Abstract

Statistics published by the Federal Highway Administration indicate that maintenance and rehabilitation of highway pavements in the United States requires an expenditure of over $17 billion a year. In conventional visual and manual pavement distress analysis approaches inspectors traverse roads and stop and measure distress objects when they are found. Therefore, the conventional approaches are very costly, time consuming, dangerous, labor intensive, tedious, subjective, have a high degree of variability, are unable to provide meaningful quantitative information, and almost always lead to inconsistencies in distress detail over space and across evaluations.

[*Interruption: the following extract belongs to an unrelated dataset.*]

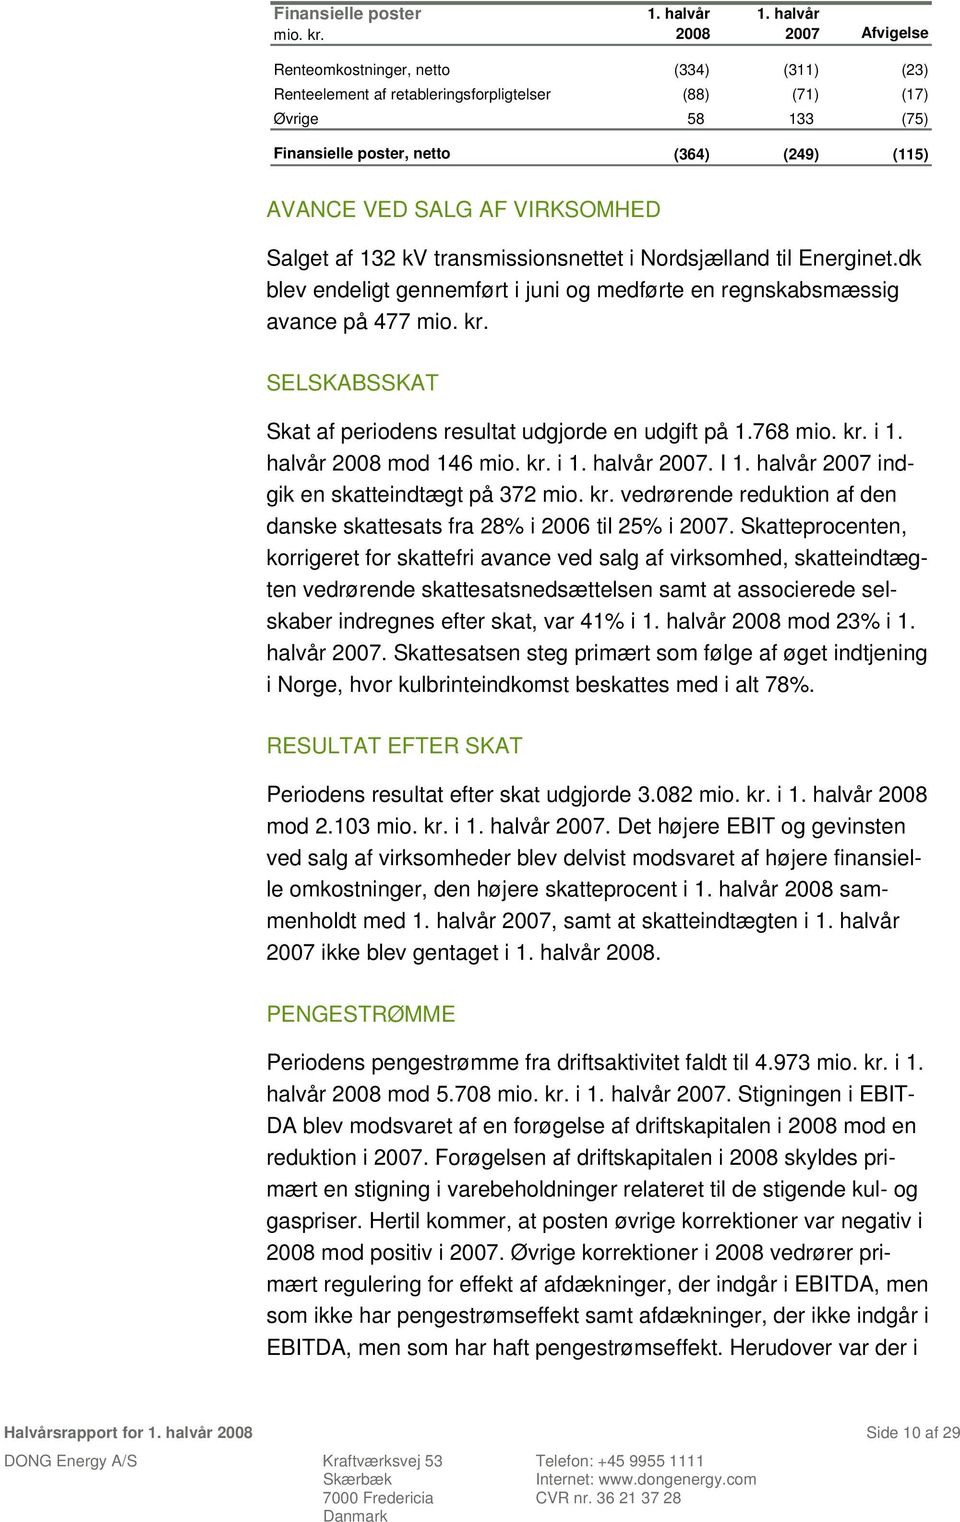 VIRKSOMHED Salget af 132 kv transmissionsnettet i Nordsjælland til Energinet.dk blev endeligt gennemført i juni og medførte en regnskabsmæssig avance på 477 mio. kr.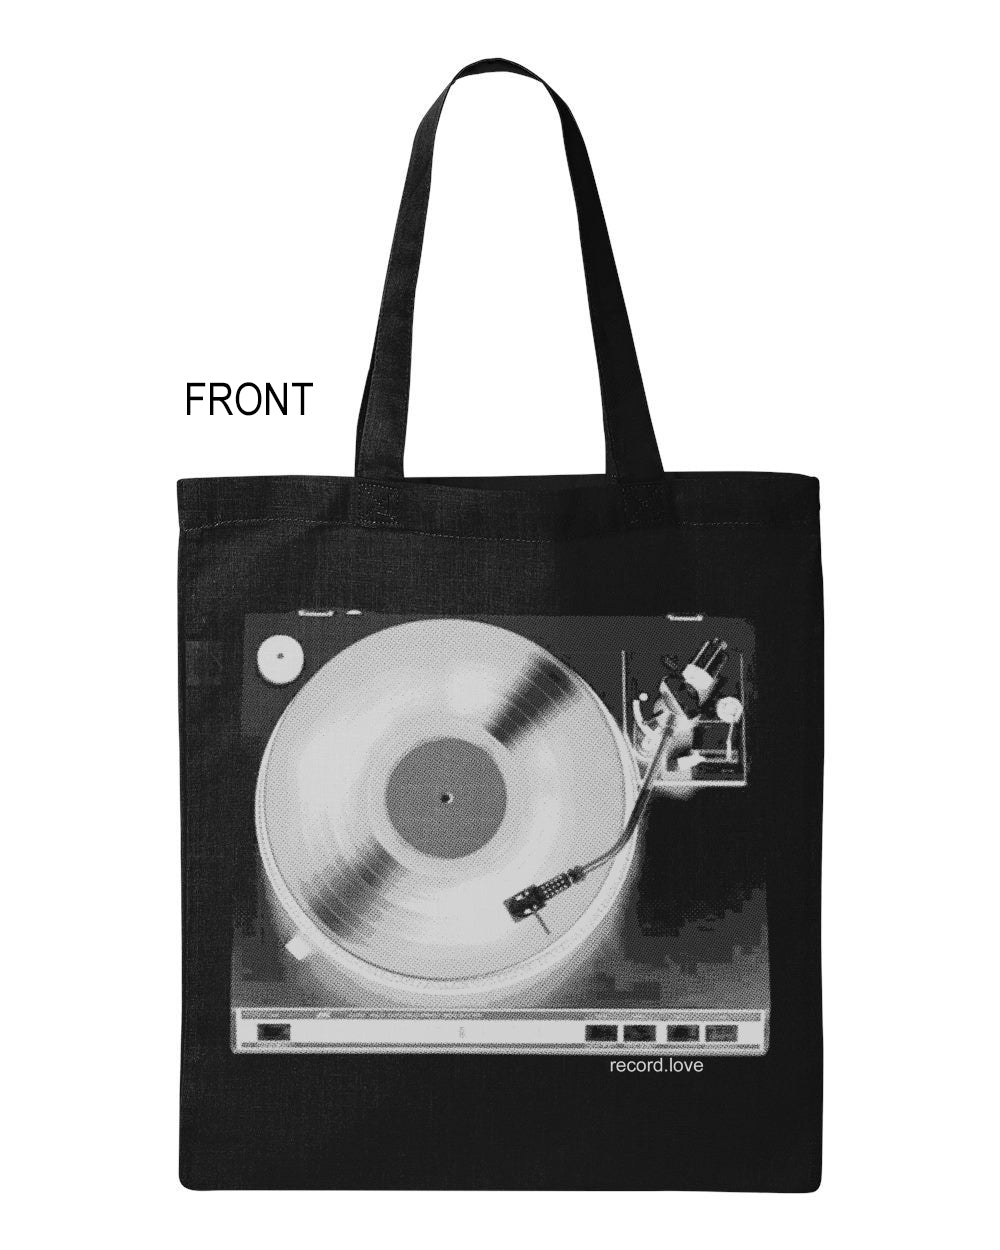 "Record LOVE" Tote canvas bag

In this paper, a new pavement distress image-enhancement algorithm and a new analysis and classification algorithm are studied. The enhancement algorithm corrects nonuniform background illumination by calculating multiplication factors that eliminate the background lighting variations. The new pavement distress classification algorithm builds a data structure storing the geometry of the skeleton obtained from the thresholded image. This data structure is pruned, simplified, and aligned, yielding a set of features for distress classification; the number of distress objects, number of branch intersections, number of loops, relative sizes of branches in each direction, etc. The experimental results demonstrate that the proposed algorithm can precisely quantify geometrical and topological parameters, quickly accept new classification rules for classification, and accurately estimate the distress severity from the thresholded image.